Title: Cardinal Sins/Contrary Virtues
Release Date: 12th December 2011
Label: Big Scary Monsters
Written by Mark Robinson
The very concept of Cardinal Sins/Contrary Virtues is a pretty bold affair. A two-man thrashing of drums and guitars with their fingers in as much classical work as it is in the more conventional garage rock settings. The very idea of this being stretched over as a double album is even more ambitious. At its peak it works terrifically as a dark, anemic plunge into the depths of despair and patched all together quite remarkably with just a guitar and drums. But that is also the biggest issue as well. The very inherent idea of two instrument bands works in short, sharp blasts i.e. Death From Above 1979. But dragged out over the space of two albums it can leave a numbing effect.
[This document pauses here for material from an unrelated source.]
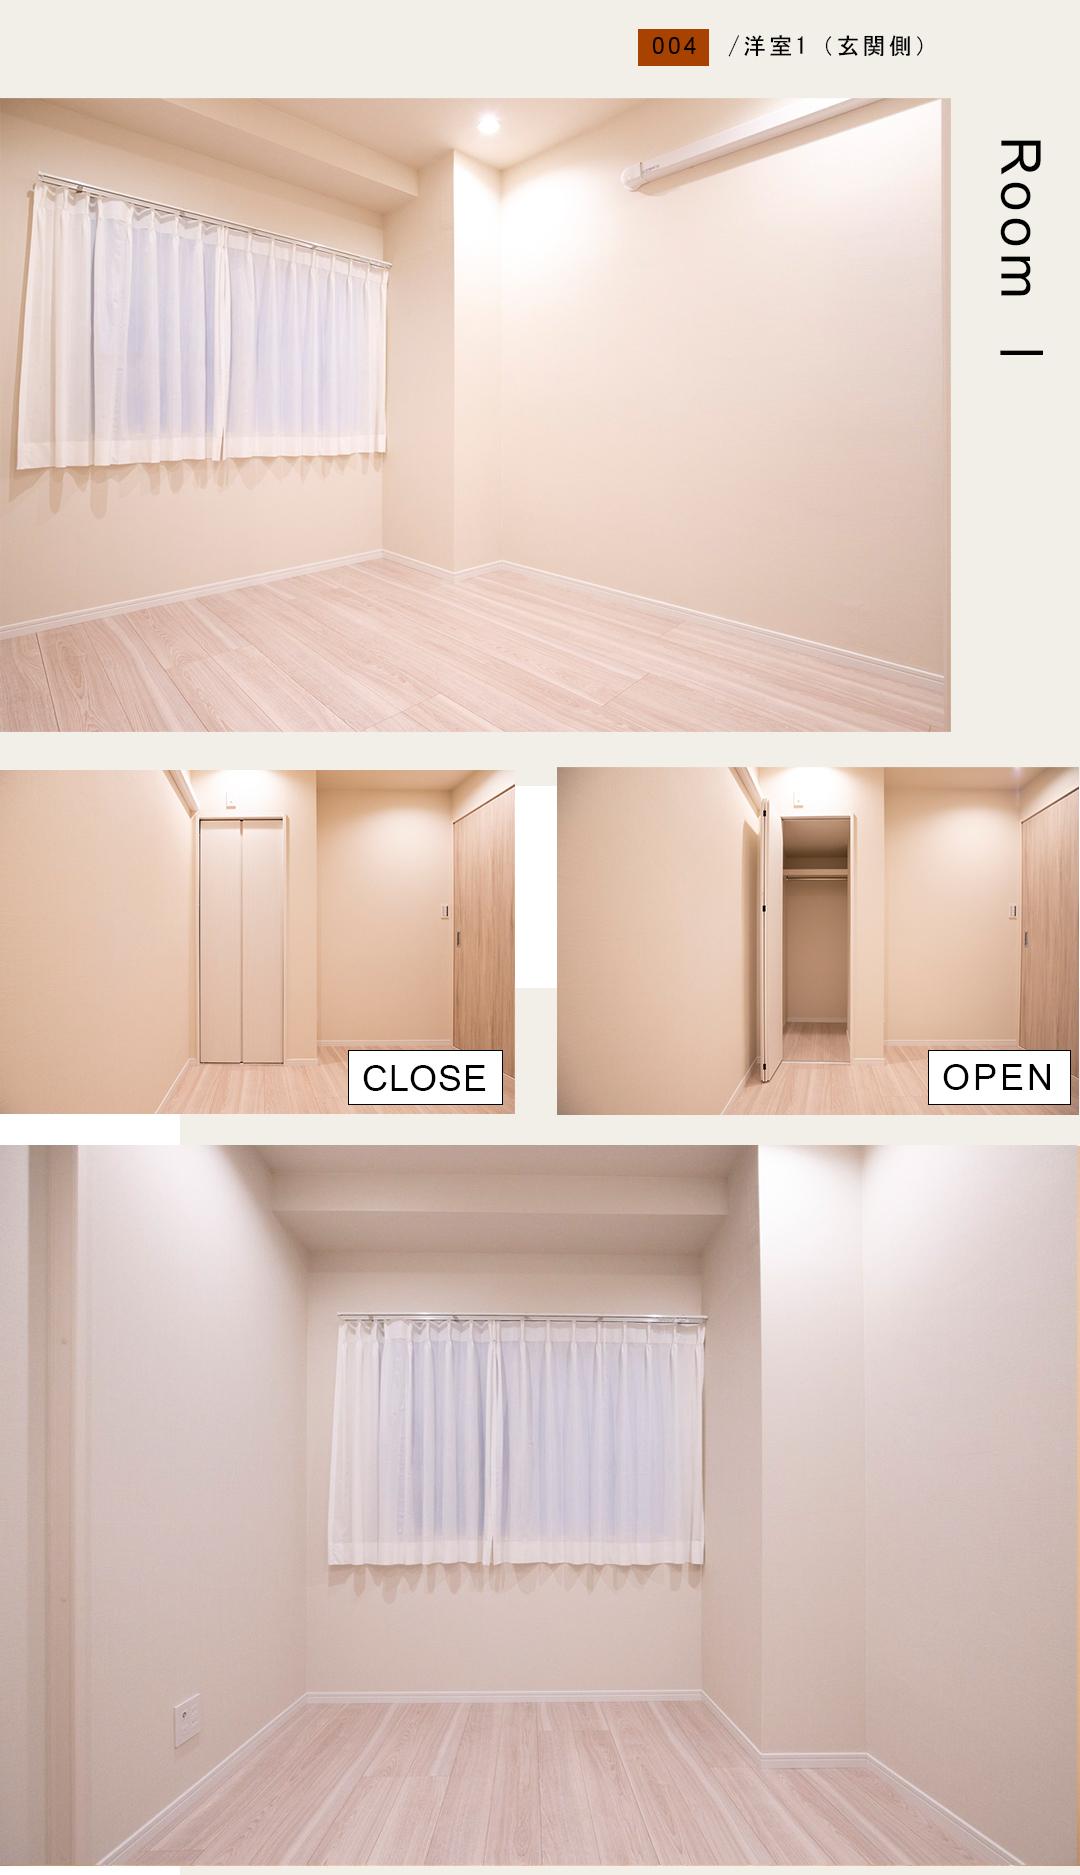 004洋室1(玄関側),RoomⅠ

It’s made all the more curious by the laying out of both LPs. Cardinal Sins plays out in the typical garage rock, two-piece fashion. But it doesn’t mix things up so it starts to wear thin towards the end. On the other hand Contrary Virtues has a much more somber tone and at times falls into moments of Avant-Garde, which when it clicks is quite stunning. But it never crawls out of second gear so it becomes an even bigger struggle to listen through. Perhaps a blend of the best of both worlds on one LP could have made for a much better listen (which luckily for the digital world we live in makes this a five minute job).
But don’t let this put you off as there are some stunning moments sprawled across both sides. Miracles has an ethereal beauty that mixes lo-fi and Arcade Fire while Sam Manville yelps that “We’re only human after all”. A Punch to the Temple packs a punch and will stay around in your head for days. As will Lily which features some superb drum work by Peter Reisener, who bless him could do with a bassist for company to really let him spread his wings.
Give it a listen, pick out the best moments and you’ll have a perfectly solid album.